I’ve called for better, more nuanced reporting of online speech issues by media so it was heartening to see journalistic capacity mentioned. How do you see that developing?
So, it’s important to acknowledge first that independent media and journalists around the world are under attack and struggling to survive due to plummeting ad revenue, the evisceration of local media, the emergence of news deserts, a crippling lack of sustainable financial models that can support journalism, and increased danger of harassment, detention, or death due to their work. Journalists and journalism are under attack, across the globe, and the first priority needs to be protecting independent media and the importance of a free press in any way that we can.
I do hope, however, that philanthropies and foreign assistance programming can move beyond this idea that “technology” or “digital” lives in one box and “media” lives in another. As we say in the report, that which happens offline will happen online. If you care about media, and the fourth estate’s capacity to report accurately, to support societies, and to hold power to account, then you have to care about how you’re empowering existing journalists and media outlets to connect the dots between existing or emerging technological trends and to reexamine their beats.
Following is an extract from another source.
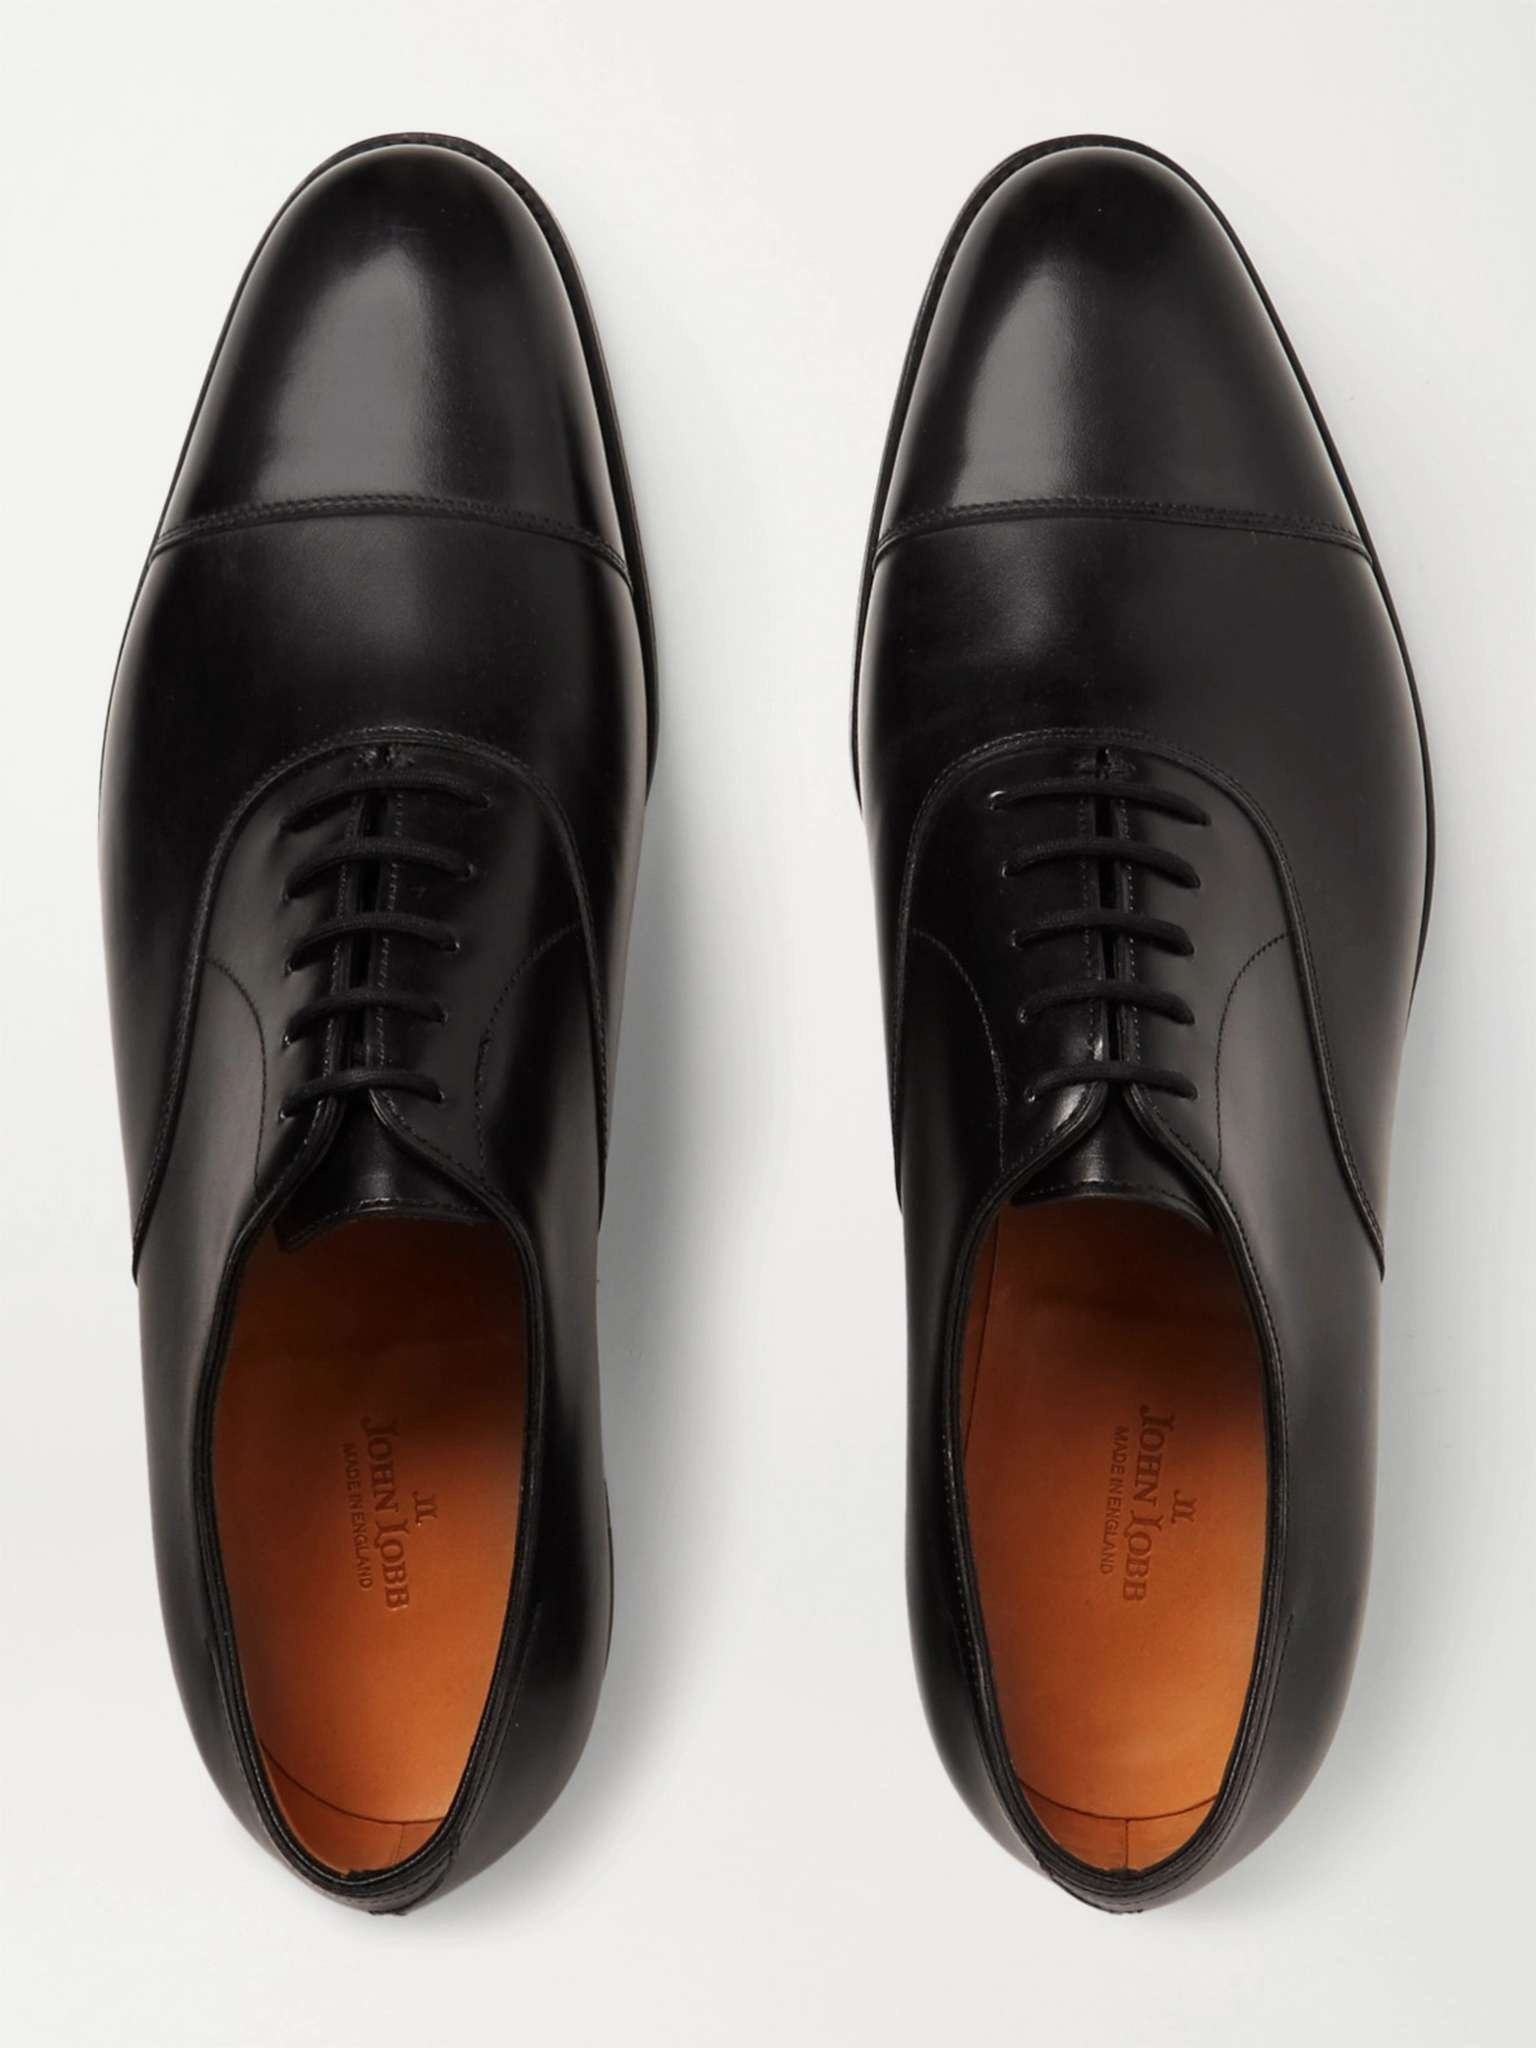 City II Leather Oxford Shoes - 7

You also have to get intentional about mainstreaming tech and technological thought into journalism. If you care about tech, you need to be mainstreaming support for accurate, thoughtful, and independent reporting about tech into your broader efforts. I cannot emphasize enough that this effort needs to be global. There is a great collection of brilliant tech reporters out there, but they are too heavily based in the Global North. I would encourage media and tech funders (and companies) to back global efforts aimed at deepening the bench of journalists and researchers across the Global Majority (and within marginalized communities in the Global North) who can report on the local impacts of platforms specifically, and emerging technology more broadly.
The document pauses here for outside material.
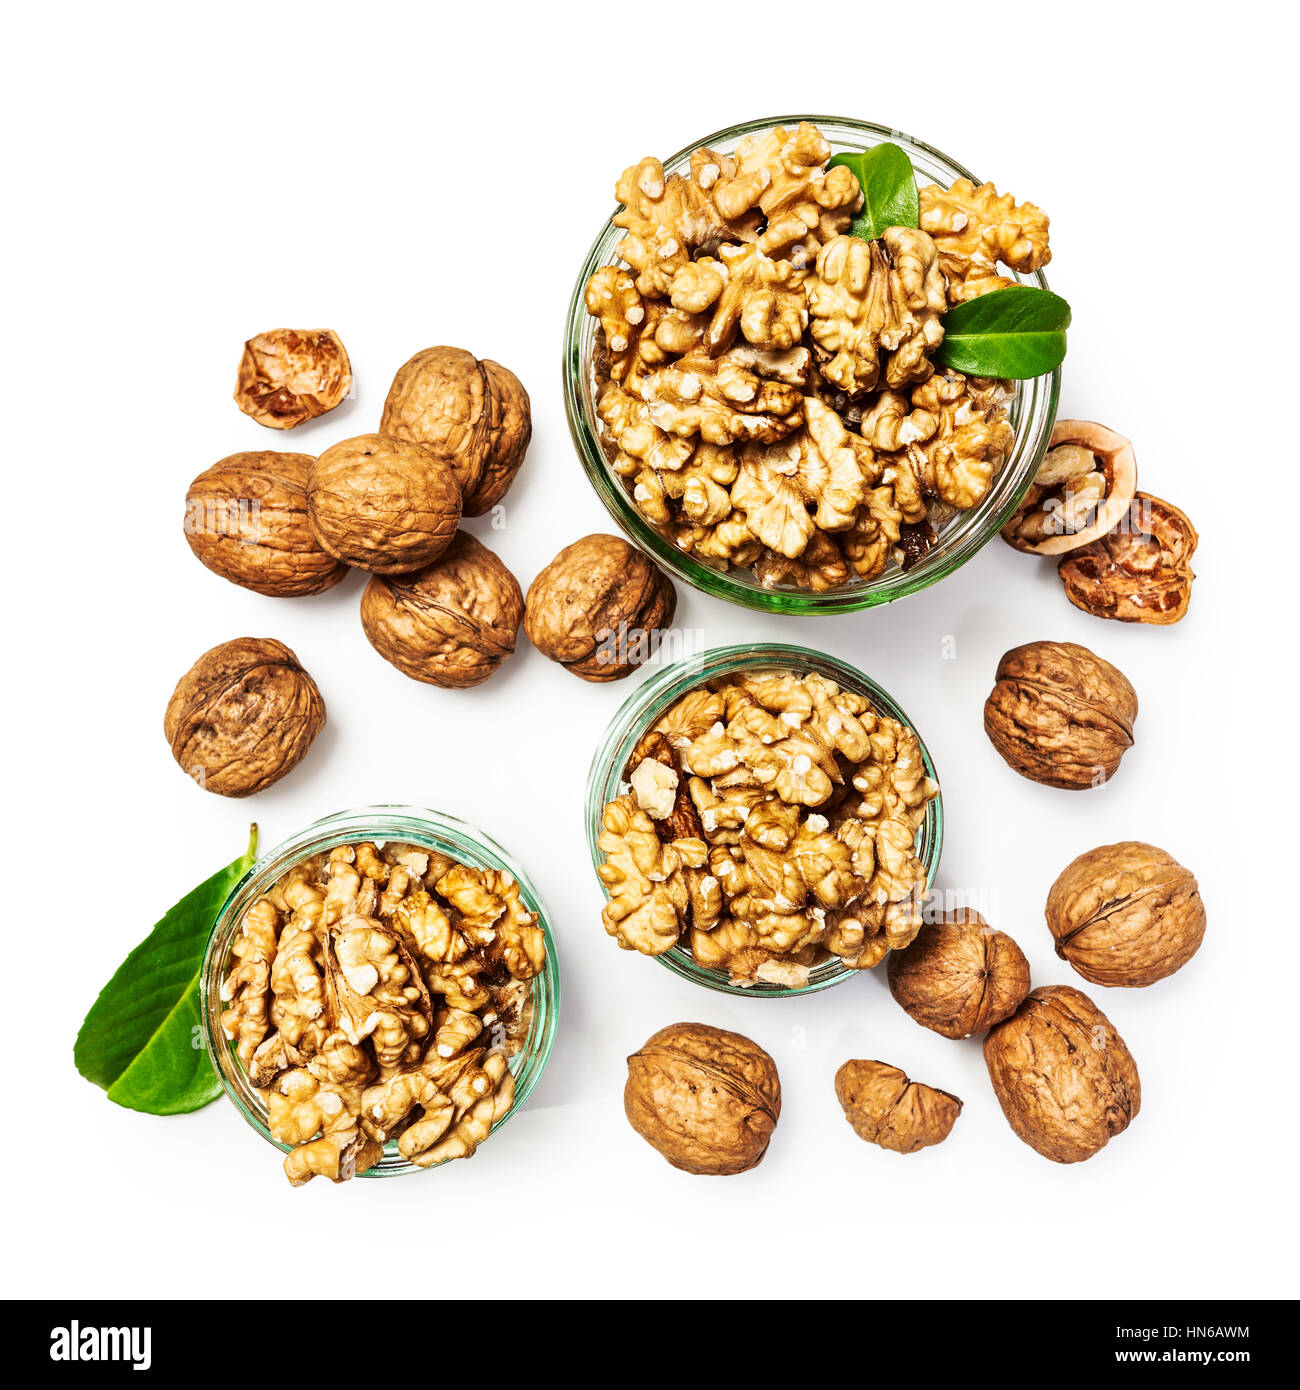 Walnut kernels in glass bowl, whole walnuts and nutshells as healthy eating and dieting concept, group of objects isolated on white background Stock Photo

The report ends by calling for seed funding or targeted programming from philanthropic organisations and governments. How much is needed and how urgent is that need?
The need is urgent, but unfortunately, I don’t think it’s as simple as saying we need X million dollars to do the necessary work. My hope is that this report helps philanthropic organizations and governments see how different pieces of the work they already support may be connected to some of the same questions and drivers, and how some new interventions could help unlock existing investments and catalyze greater impact.
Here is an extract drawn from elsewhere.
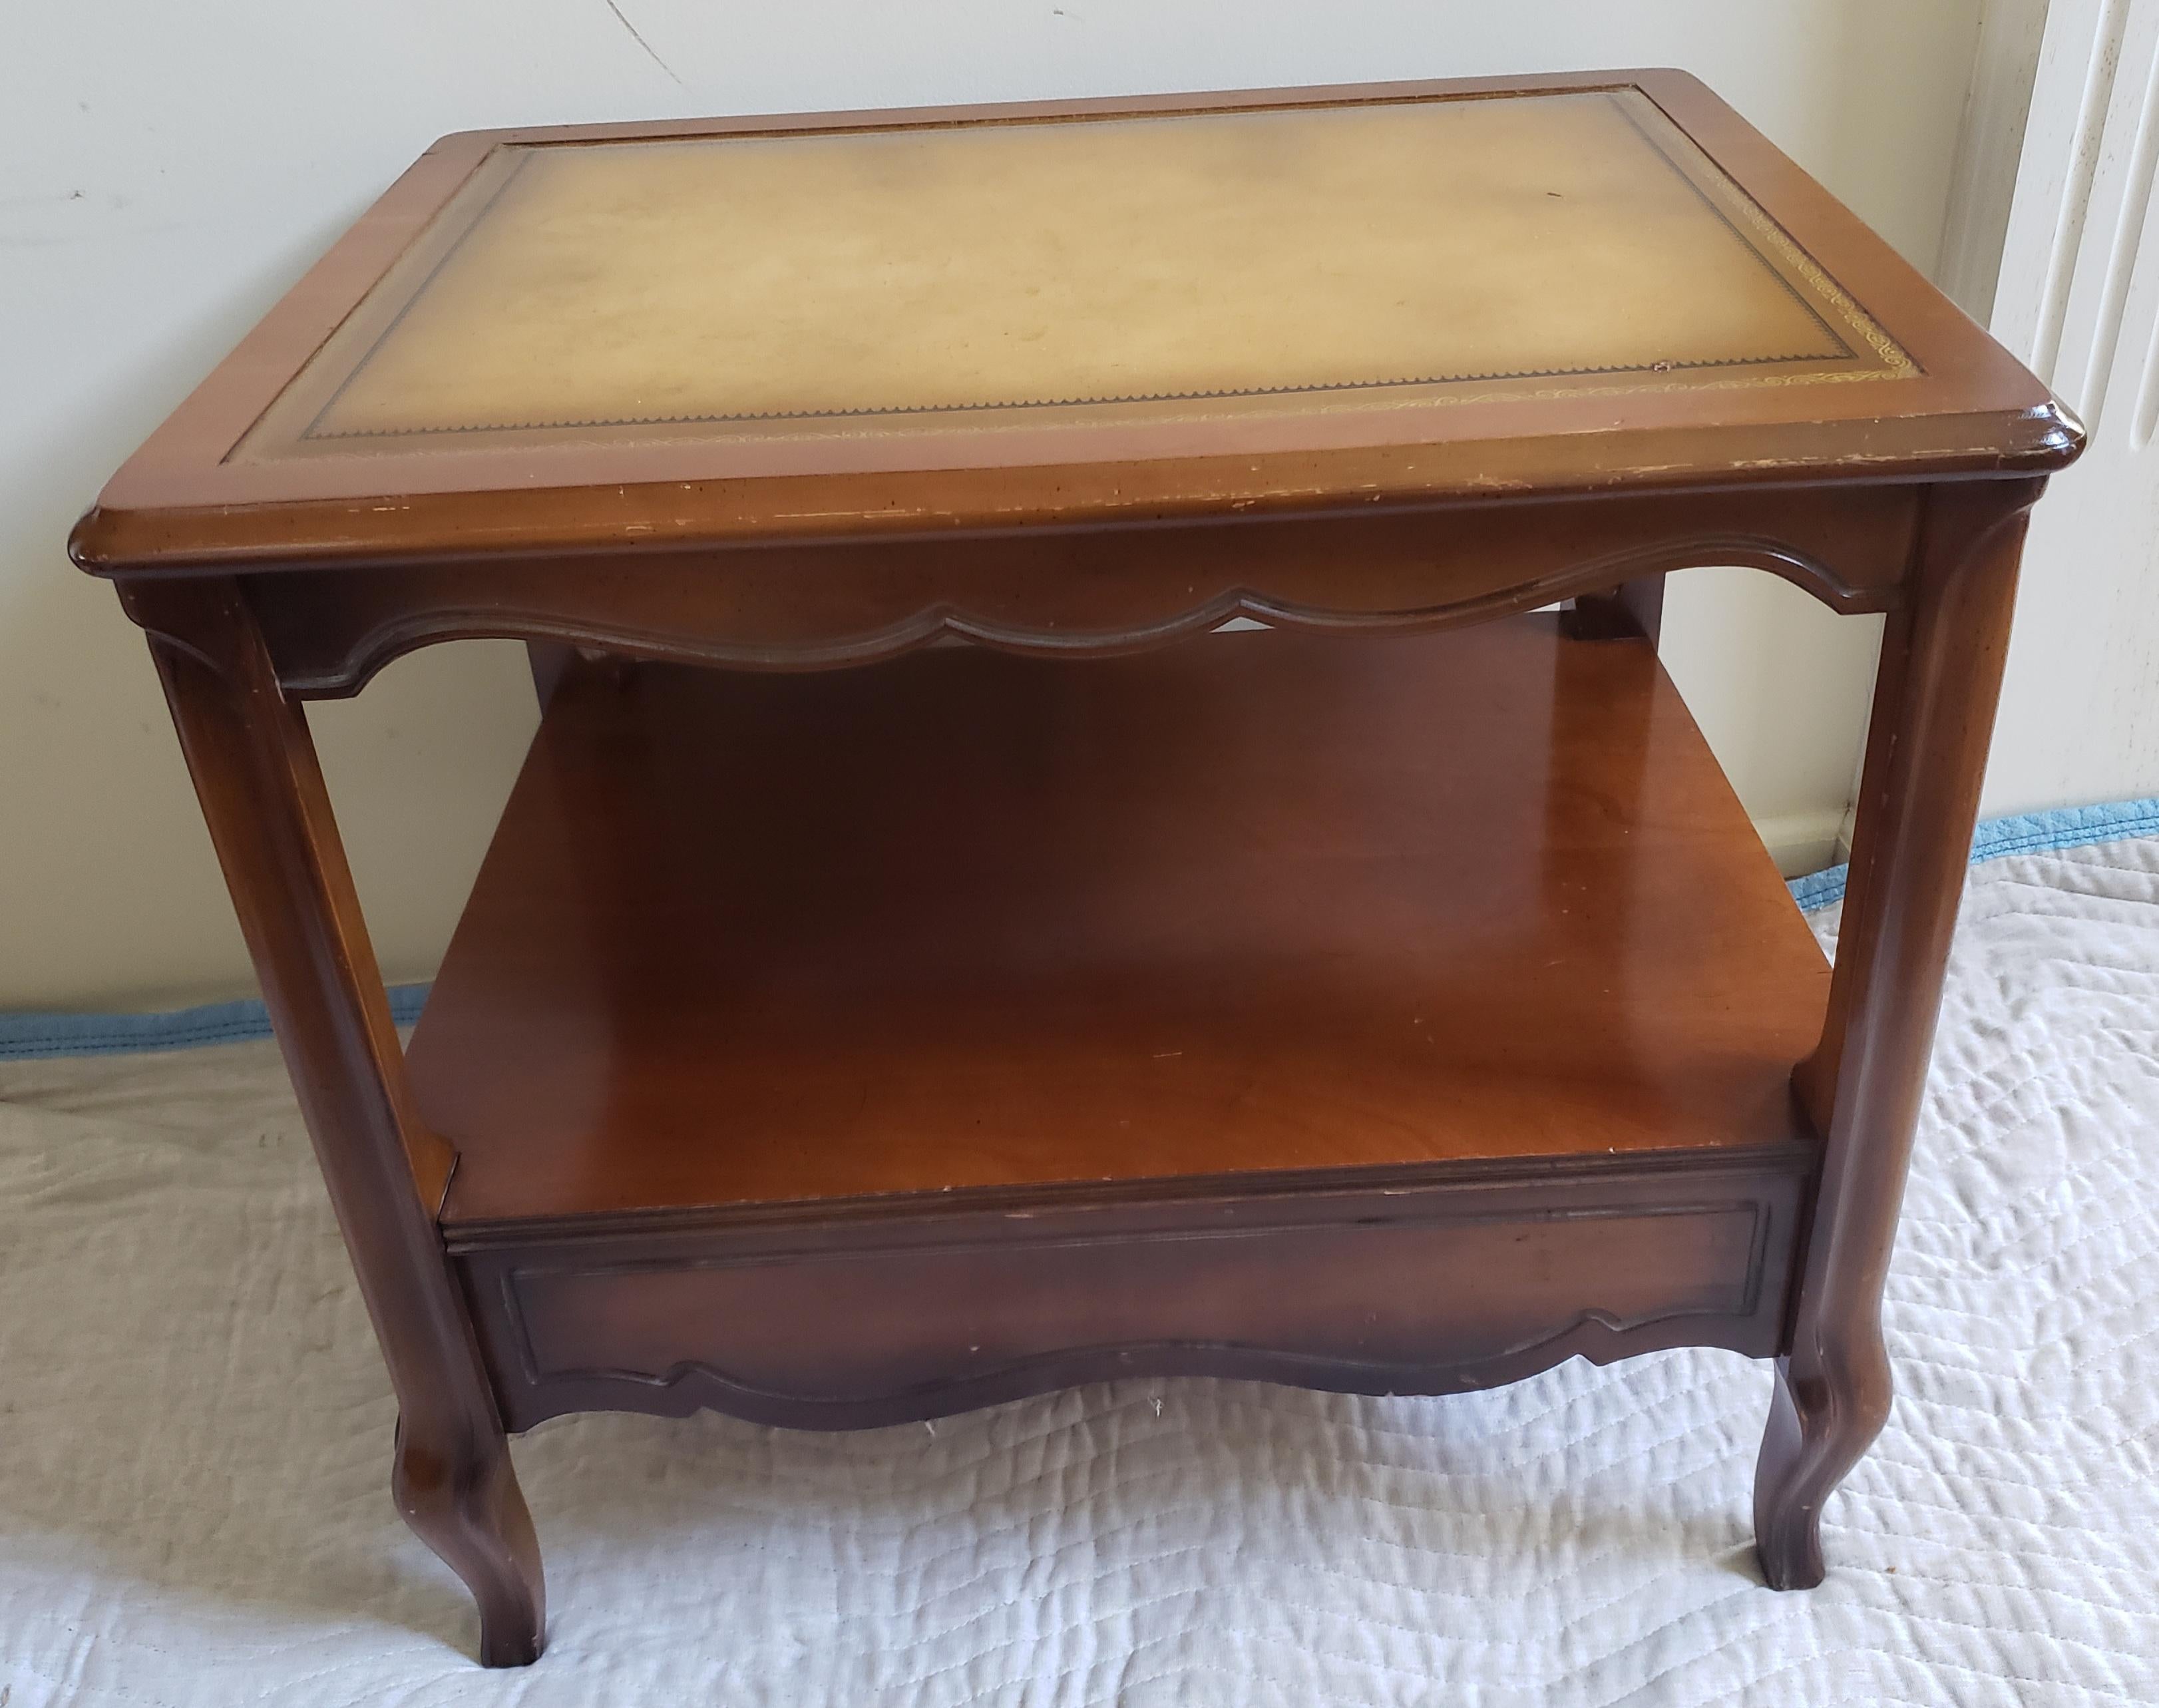 1960s French Provincial Side Tables with Leather and Stinciling Top, a Pair In Good Condition For Sale In Germantown, MD

For example, we recommend supporting the development of stronger academic centres for this work around the globe, as well as establishing hubs for Global Majority organizations and researchers in centres of regulatory power. Both of those investments would increase the impact of a wide range of existing work, and potentially allow disparate leaders and experts within a region to work more closely with each other.
We’ve said multiple times that we’re battling existing problems at new speed and scale. I think overwhelmingly, the key is to support existing, great work and to build off of it. But we need funding institutions that can operate with greater speed and scale as well if we’re going to meet this moment.